Трудности с «эстонской меритократией» и «мериторикатией» вообще

Некоторое время назад на разных научпопсайтах была пересказана статья Rimfeld et al. (2018) про «эстонскую меритократию : мол в Эстонии в постсоветские годы в сравнении с советскими наследуемость социально-экономического статуса выросла в 2 раза, и это знак, что построили настоящую меритократию, вверх по лестнице движутся биологически лучшие, в отличие от СССР, где двигались лишь льстецы и рабы КПСС.

Как раз по поводу этих данных я год назад спрашивал читателей: после неких общественных потрясений наследуемость социально-экономического статуса и/или уровня образования в стране Анчурии выросла в 2 раза. Как Вам кажется, в какую сторону идут изменения а) к меритократии (продвижение — по заслугам), б) в противоположную — к клановости и кумовству, в) ещё в какую-то?. И почему?

Как мы это обсуждали с Александром Владимировичем Марковым, если наследуемость действительно выросла, ответ зависит от того, включают изменения после потрясений эволюцию (с отбором на соответствие новой социальной среде) или нет: тогда соответственно будут а или б.

Поскольку сегодня ясно, что приспособление и эволюция идут одновременно, одно без другого не получается, и второе гораздо быстрее чем раньше думали.

Однако это всё голое теоретизирование. Marina Fridman почитала самоё статью и усомнилась в качестве результатов и выводов, почему — см. далее:

Получилась ли «эстонская меритократия»? Скорее нет

Авторы Rimfeld et al доказывают в своей статье, что в постсоветской Эстонии произошло увеличение вклада генетической изменчивости в вариабельность населения по признакам образования и социально-экономического статуса. Сразу скажу, что их вывод в меритократическом духе «стали отбираться более способные и трудолюбивые», хотя и обставленный серьёзными оговорками, мне представляется неочевидным.

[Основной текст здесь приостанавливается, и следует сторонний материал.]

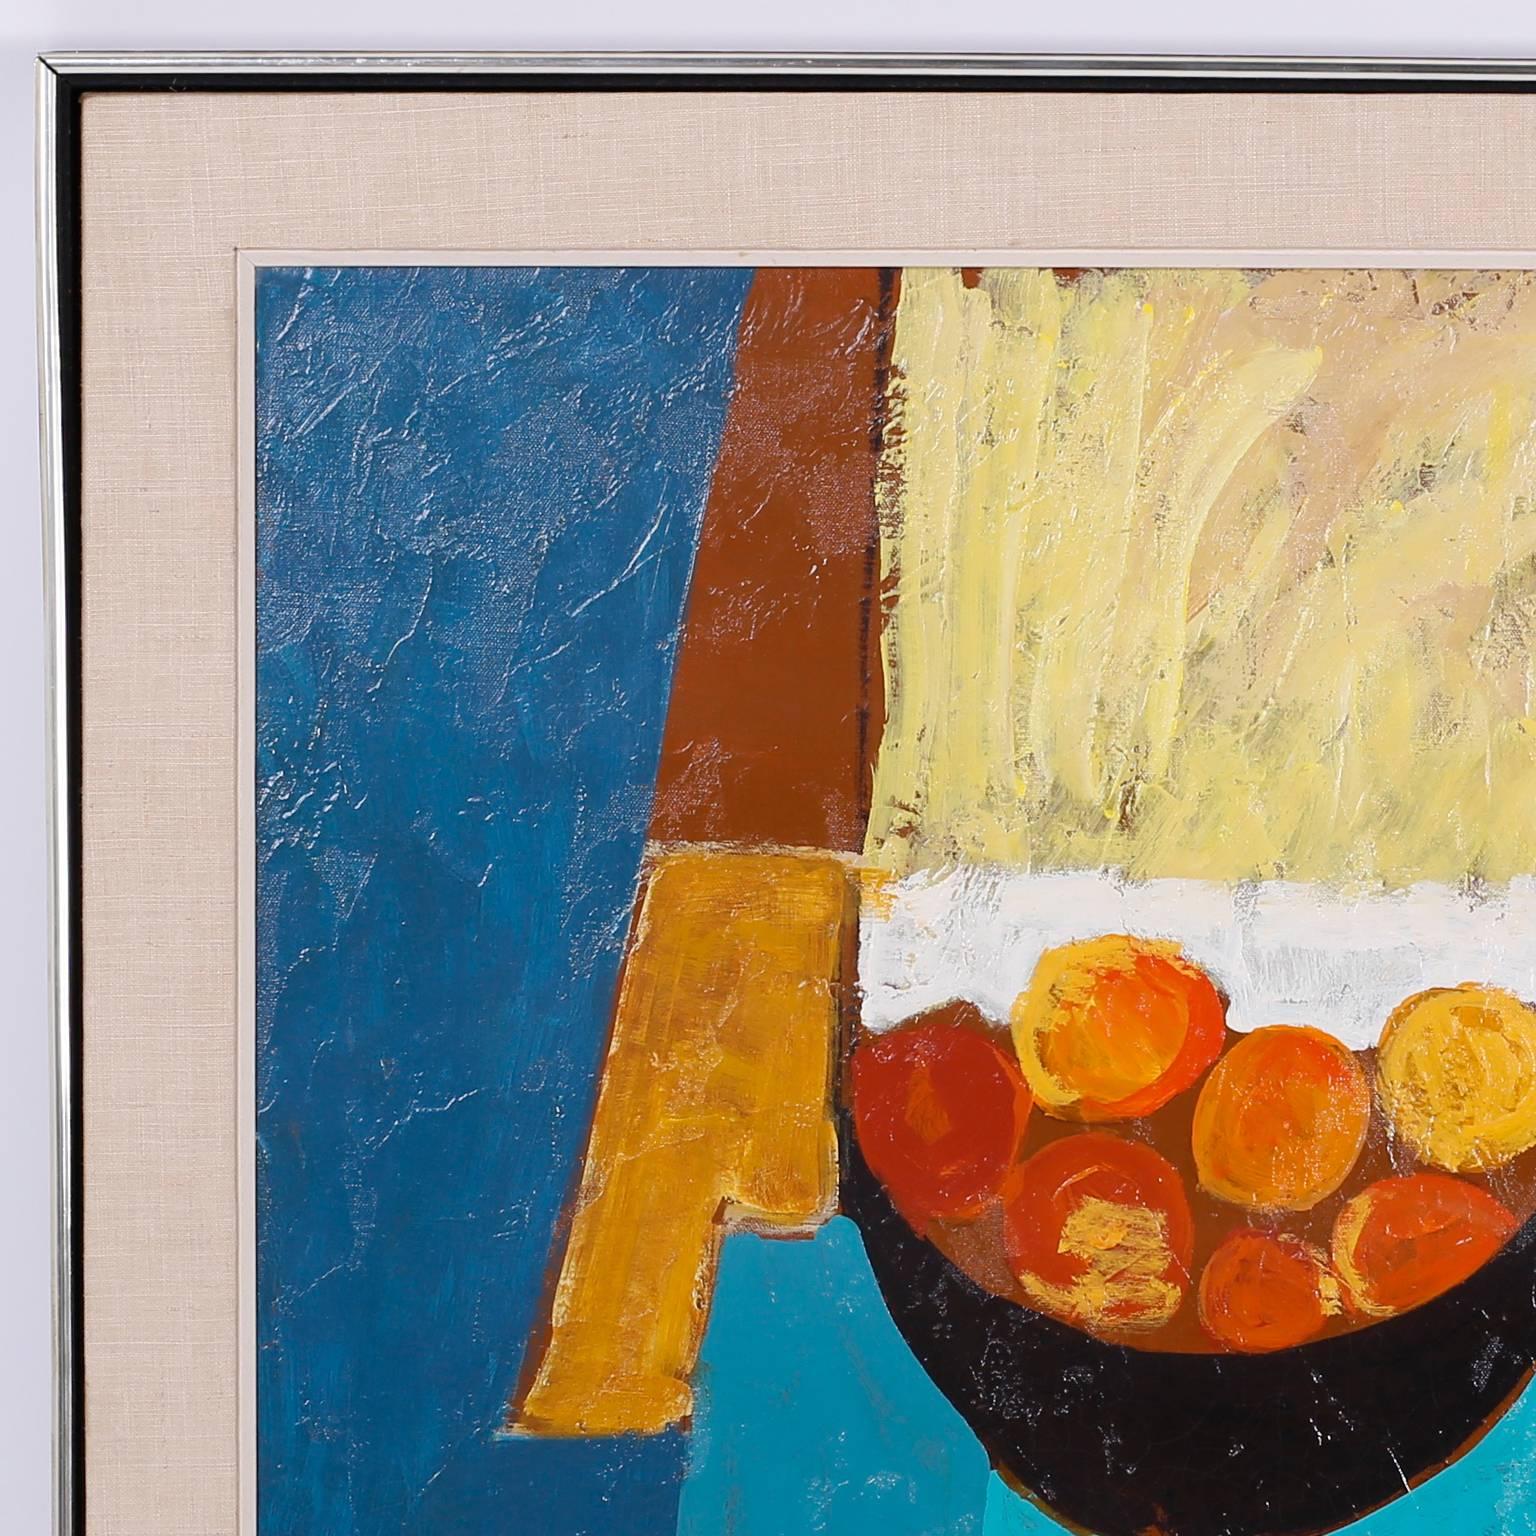 Midcentury oil painting on canvas with an adept use of bold colors and a joyous spirit. The Classic still life genre re-invented over century is well represented here as a modernist contribution. Signed Foy in the lower right.

Процент дисперсии, объясняемой полигенетическим индексом образования в разных группах участников

Процент дисперсии, объясняемой полигенетическим индексом образования в разных группах участников

Напомню, что характер влияния подавляющего большинства полиморфизмов, использованных в этом исследовании неизвестен, то есть утверждать, что они влияют именно на способности и трудолюбие, мы не можем.

Во-первых, в работе был произведён GWAS-анализ 20000 жителей Эстонии. Отдельно, объективности ради, следует отметить, что использованная база данных охватывает жителей независимо от национальности и гражданства, а данные родственников исключались. GWAS оценивает, в какой степени изучаемый признак связан с обнаруженными генетическими различиями между индивидами, но как правило исследователи в этом случае имеют дело с очень большим количеством полиморфизмов (тех самых различий), подавляющее часть которых вносит очень небольшой вклад, а заметная доля могла оказаться статистически значимыми случайно.

Естественно, охарактеризовать влияние каждого полиморфизма не на продолжительность образования, а на способности (особенно способности к конкретной деятельности) и трудолюбие в этом случае не представляется возможным. Как правило, вклад генетических отличий в вариабельность по соответствующему признаку в этом случае невелик, но методика описана достаточно подробно, а различия (6,1% в постсоветскую эпоху против 2,1% в советскую по уровню образования и 5,6% в постсоветскую эпоху против 1,7% в советскую по профессиональному статусу) статистически достоверны.

Гораздо менее подробно описана методика выделения полиморфизмов, вносящих значительный вклад, и оценки их влияния, которая обычно даёт существенно более высокие оценки наследуемости, хотя и «не дотягивающие» до таковых, полученных близнецовым методом. Например, у Davies et al., 2016 (на неё ссылаются авторы), таковая описана существенно более детально.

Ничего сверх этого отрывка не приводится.